— Ну ладно, ладно, — сказал отец, и тон показался ему чужим и фальшивым. — Можем сейчас зайти в «Шоколадницу».
В этом кафе они бывали порой в воскресные дни, в мужские свои дни, что проводили вдвоем, сюда они приходили после Третьяковки или после кино, после долгих лыжных прогулок.
В Третьяковку, в Музей изобразительных искусств он затаскивал мальчика вначале с некоторым усилием, а потом тот еще за несколько дней сам напоминал ему:
«Так что, в воскресенье в Третьяковку? Железно?»
«Да, железно».
И, откладывая проект, работу, он шел с сыном в Третьяковку. Шел с радостью, потому что, хотя все это знал наизусть, смотрел теперь наново, е г о глазами. А потом возвращались пешком по набережной, по улице Димитрова и заглядывали в кафе «Шоколадница», заказывали вкусные блинчики в шоколадном креме. Обсуждалось множество вопросов: от вооружения японской армии до индийских изумрудов, от знаменитого боксера Джо Луиса до невыдержанного, но очень обоим симпатичного хоккеиста Александра Мальцева.
Не сразу это пришло. И даже чувство необходимости быть рядом с мальчиком — тоже не сразу. Если не врать самому себе, то первые лет пять — семь мальчик как бы лишь присутствовал в его жизни. Да, он любил сына и потому, что так полагалось, и потому, что действительно иногда любил, испытывал чувства какой-то физической, может быть, даже животной нежности к маленькому незащищенному, неопределенно напоминающему тебя существу.

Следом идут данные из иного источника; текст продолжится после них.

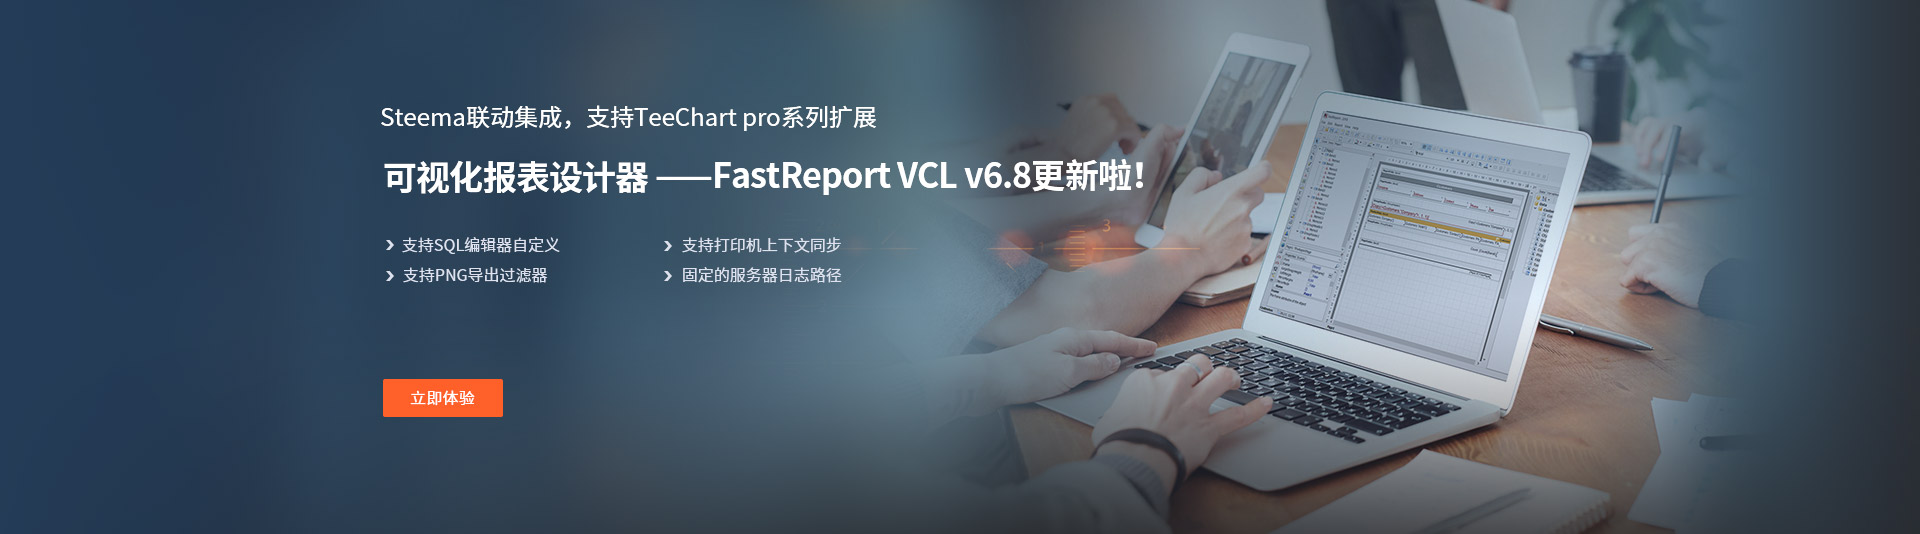 FastReport_VCL_6.8版本更新

Но он мог жить и без мальчика — месяцами в командировках, в экспедициях, почти год в Средней Азии, в Таджикистане, под Курган-Тюбе, мог так жить подолгу, испытывая лишь потребность знать, что все существуют, здоровы, что они есть, что мальчик растет и все нормально, порядок, заведенный в мире, не нарушен. И первые болезни мальчика, и его первые разговоры — все это прошло в отдалении от него, он не обо всем даже знал. Да, он интересовался и испытывал даже волнение, беспокойство, но в глубине души всегда был уверен, что и без него все уладится. И, приезжая, он не знал, как разговаривать с мальчиком и о чем. И говорил то слишком взросло, то слишком сюсюкая, и все время как бы переводил свою мысль на какой-то другой, искусственный язык, на псевдоязык детей, на котором, думал он, говорит сын. А иногда он вдруг ощущал, что мальчик понимает гораздо больше, чем ему представлялось, он думает и говорит как большой человек, а не как ребенок, и удивлялся, и не был к этому готов.
Он приучал его не бояться драк, отучал жаловаться, плакать, скулить — всю эту немудреную мужскую школу он осваивал с мальчиком, но никогда не знал, отчего тот плачет и чего тот боится…
Только позднее он научился в этом разбираться. Теперь, когда его сын приходил домой или когда он сам встречал его, он всегда безошибочно определял его настроение, а значит, и отметку, которую тот получил. Однажды только он ничего не мог понять, что́ там произошло между мальчиком и его другом Антоном, и сын долго запирался и ничего не говорил. Вообще-то он не умел скрывать свои чувства, на его лице, особенно в случае двойки по какому-нибудь важному предмету, выражался глубокий траур, истинная скорбь и полный неинтерес ко всей дальнейшей жизни. Это было свойство его больших, очень выразительных карих глаз.
Впрочем, через пять минут скорбь исчезала бесследно: двойка, конечно же, несправедливая, «ни за что», казалась чем-то не бывшим на самом деле, но зато вся жизнь виделась теперь безгрешной и усердной, с вовремя заполненными графами дневника, с домашними заданиями, которые выполнялись тут же, по приходе домой, что называется «с пылу, с жару».
И наоборот, велико было мгновение, когда после любой пятерки — даже по пению — глаза светились победно и дерзко, путь был устлан лаврами, похвальными грамотами, все уроки были пустячны и легки настолько, что их и вовсе можно было не делать.